EU unterstützt Ethno-Nationalisten

Einige Vertreter der EU unterstützen den Vorschlag der HDZ. Denn die HDZ hat es in den vergangenen Jahren durch viel Lobbying in den EU-Institutionen geschafft, wichtige Akteure für sich zu gewinnen. Zu der Propaganda der HDZ gehört, dass sie behauptet, dass Komšić vor allem deshalb gewählt worden sei, weil in den Moscheen, dazu aufgefordert worden wäre, um den HDZ-Kandidaten zu verhindern.

Komšić hat 2018 225.500 Stimmen bekommen, ähnlich viele wie der nichtnationalistische bosniakische Kandidat Denis Bećirović (194.688). In Bosnien-Herzegowina gibt es hunderttausende Menschen wie Frau Zornić, die gegen Nationalismus und für ein Ende der ethnonationalistischen Spaltung sind. Es wird bisher kein ersichtlicher Druck aus den EU-Staaten ausgeübt, dass die fünf Urteile des EGMR endlich umgesetzt werden.
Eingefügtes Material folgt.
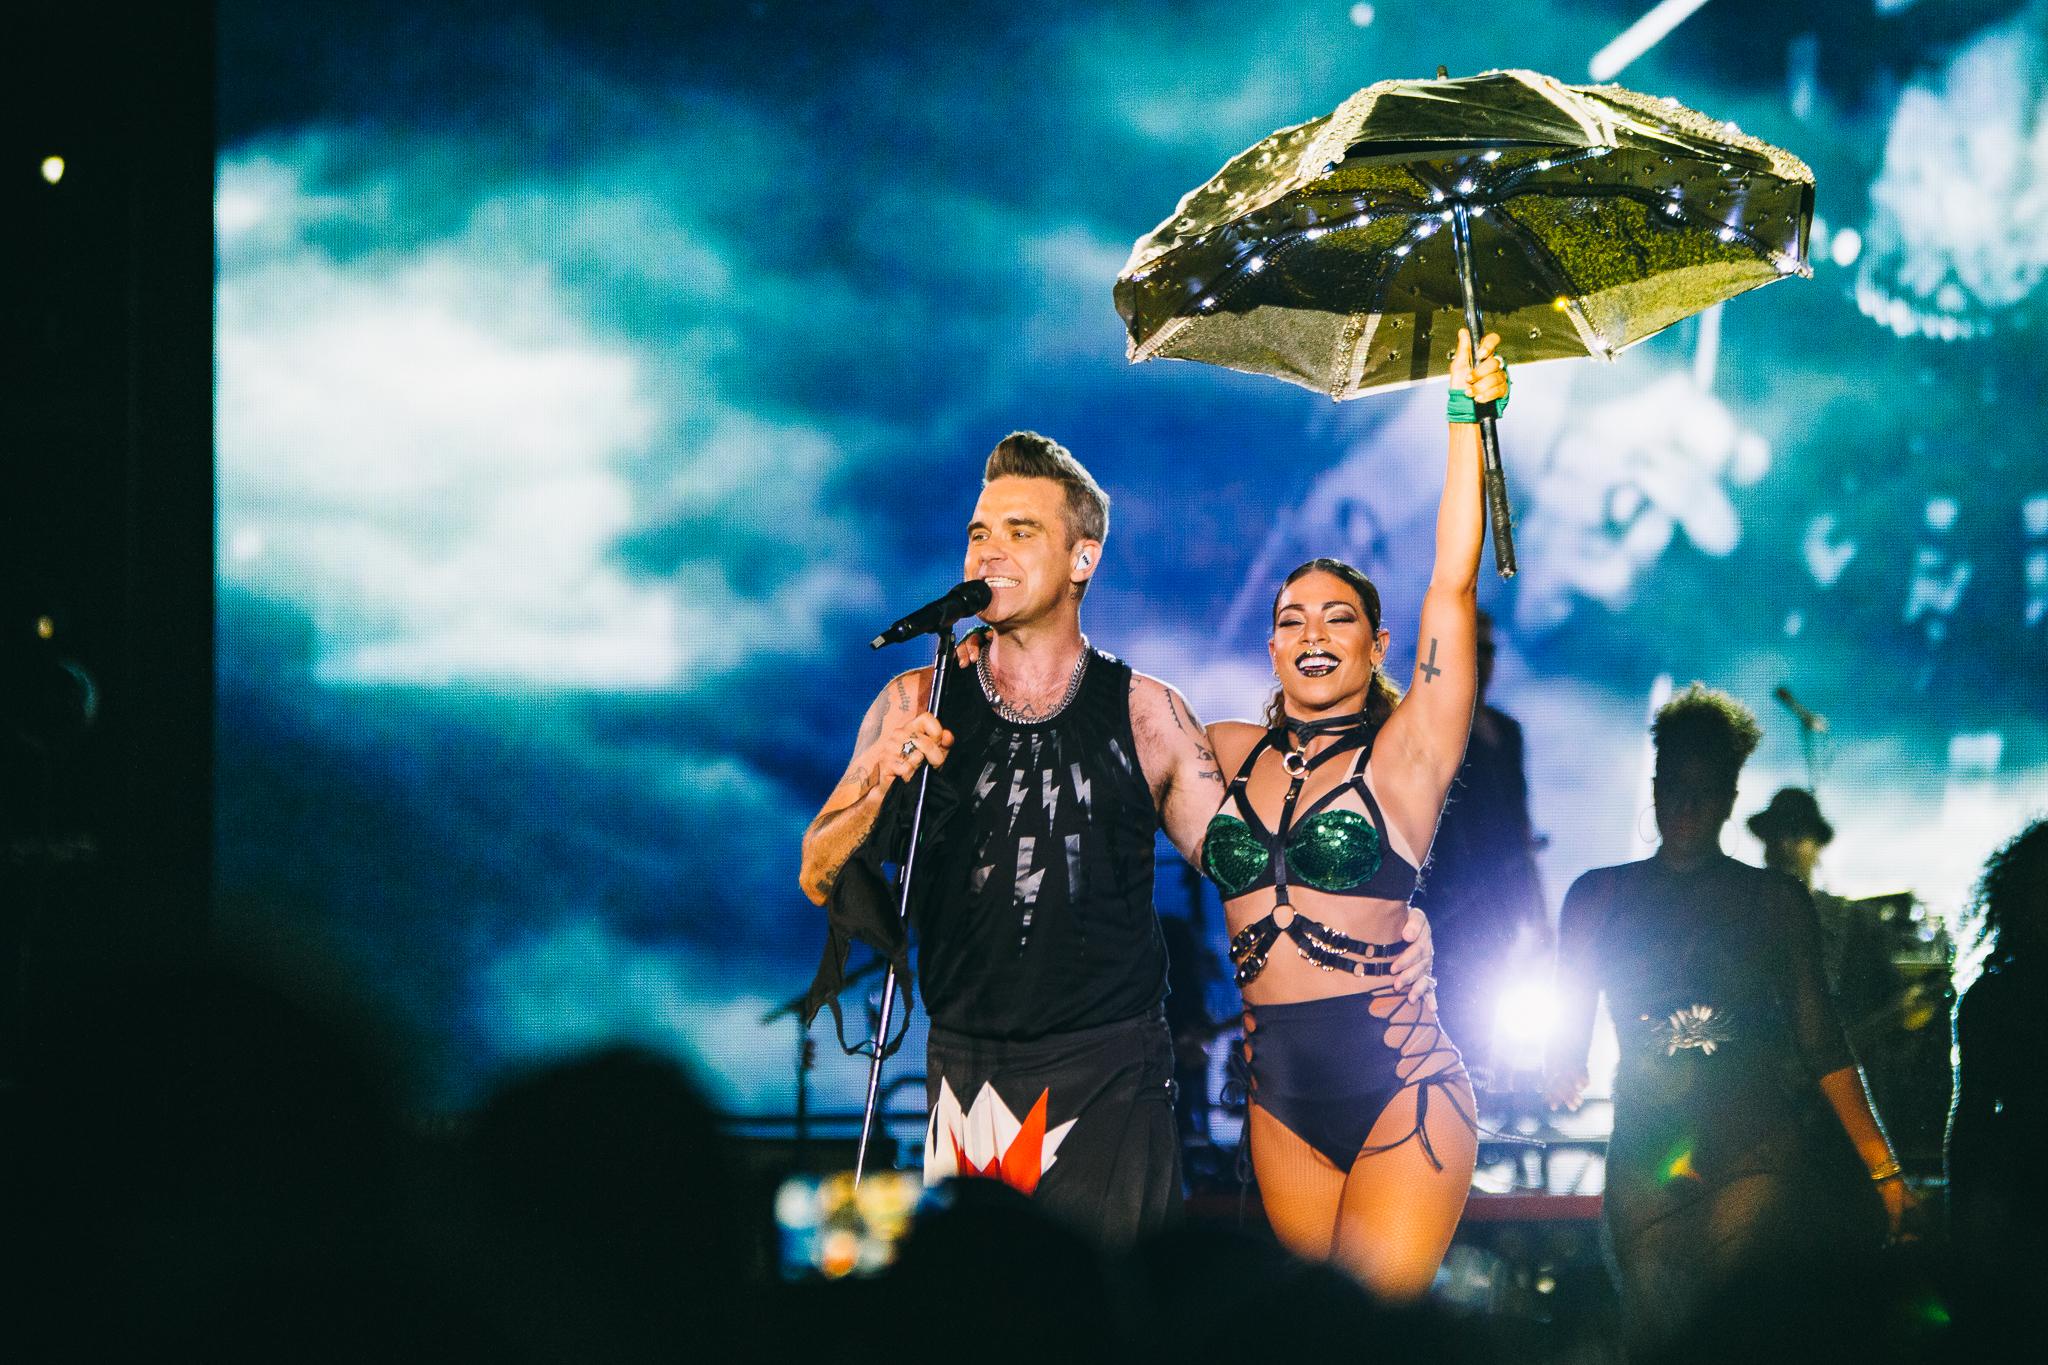 Robbie Williams_Brisbane Entertainment Centre_Bianca Holderness_20-02-30.jpg

Drohungen gegen Izetbegović

Denn die allermeisten westlichen Diplomaten oder Politiker setzen weiterhin auf die Kooperation mit den Ethnonationalisten, mit anderen Parteien oder Vertretern von Institutionen, wird oft nicht einmal gesprochen. Zur Zeit ist der Druck der USA und der EU extrem groß, dass die größte bosniakische Partei die SDA auf die Wünsche der HDZ eingeht. Dem Chef der SDA, Bakir Izetbegović wird Diplomaten zufolge deshalb sogar mit Sanktionen gedroht, falls er nicht auf einen Deal mit der HDZ einsteigt.

Der Druck hat damit zu tun, dass vor allem die US-amerikanischen Diplomaten von der Annahme ausgehen, dass sie die beiden nationalistischen Parteien der Bosniaken und Kroaten – sowie während des Kriegs im Washingtoner Abkommen – zusammenbringen müssen. Andere Diplomaten denken wiederum, dass der HDZ-Chef Dragan Čović seinen extrem nationalistischen Kurs aufgeben würde, wenn er im Staatspräsidium sitzen würde. Doch Čović war bereits Präsident und auch während dieser Zeit hat er genau so agiert, vor allem die Kooperation mit dem Separatisten Milorad Dodik hat er beibehalten.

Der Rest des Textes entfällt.